ELECTRODE FOR GAS EVOLUTION IN ELECTROLYTIC PROCESSES

Abstract

An electrode for gas evolution in electrolytic processes having a metal substrate and a coating formed on the substrate, the coating having at least a catalytic porous outer layer containing regions of porous nickel oxide dispersed within a solid nickel oxide binder, and a method for the production of the electrode from preformed nickel vanadium oxide particles.

Claims

1. An electrode for gas evolution in electrolytic processes comprising a metal substrate and a coating formed on said substrate, said coating comprising at least a catalytic porous outer layer containing regions of porous nickel oxide dispersed within a solid nickel oxide binder, said catalytic porous outer layer is obtained by thermal treatment of a precursor solution comprising preformed nickel vanadium oxide particles dispersed in a precursor solution containing a nickel salt and subsequent leaching of vanadium oxide from said thermally treated layer.

2. The electrode according to claim 1, wherein said catalytic porous outer layer is a solid/solid dispersion where solid porous nickel oxide particles are dispersed within said solid nickel oxide binder.

3. (canceled)

4. The electrode according to claim 1, wherein said regions of porous nickel oxide have diameters in the range of 50 nm to 10 ?m.

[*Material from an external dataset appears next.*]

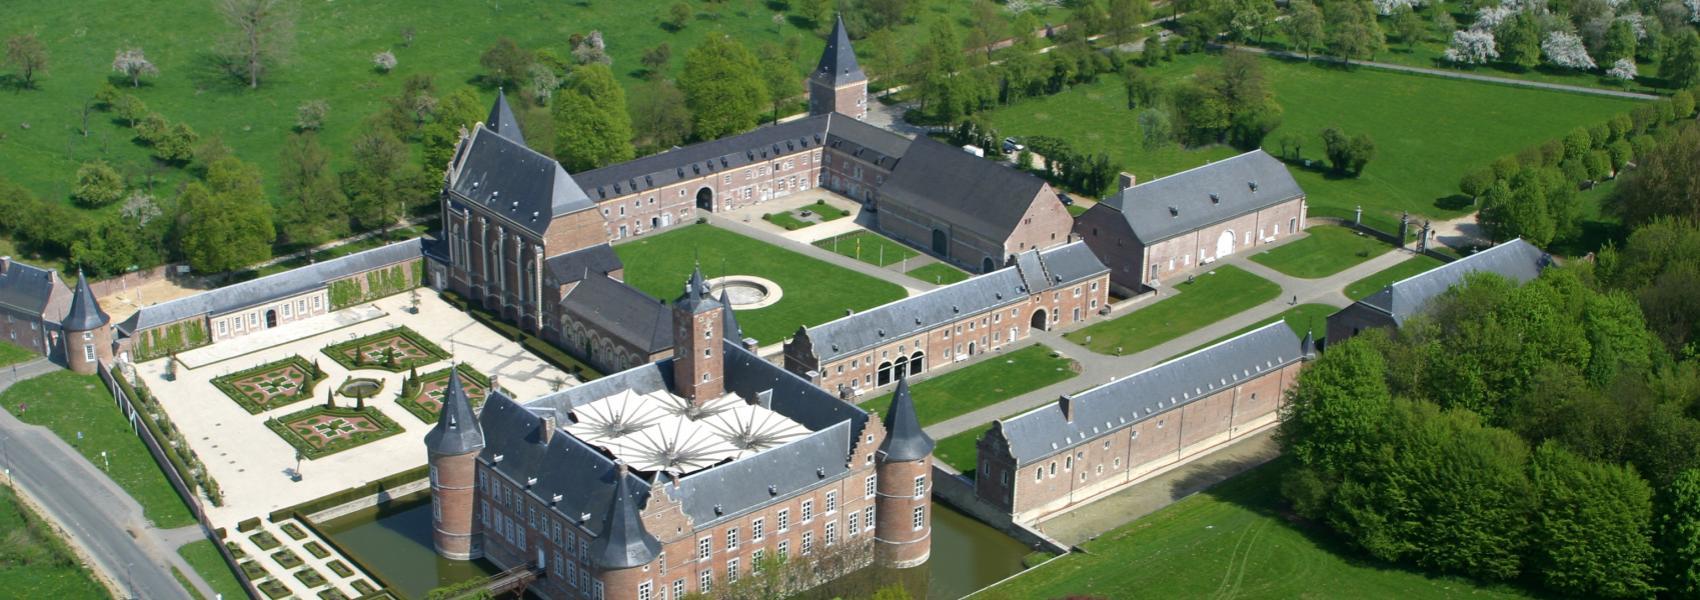 luchtfoto van het kasteeldomein

5. The electrode according to claim 1, to wherein said metal substrate is a substrate selected from the group consisting of nickel-based substrates, titanium-based substrates and iron-based substrates.

6. The electrode according to claim 1, wherein said porous outer layer consists of nickel oxide and nickel hydroxide.

7. The electrode according to claim 1, wherein said porous outer layer consists of nickel oxide, nickel hydroxide and residual vanadium.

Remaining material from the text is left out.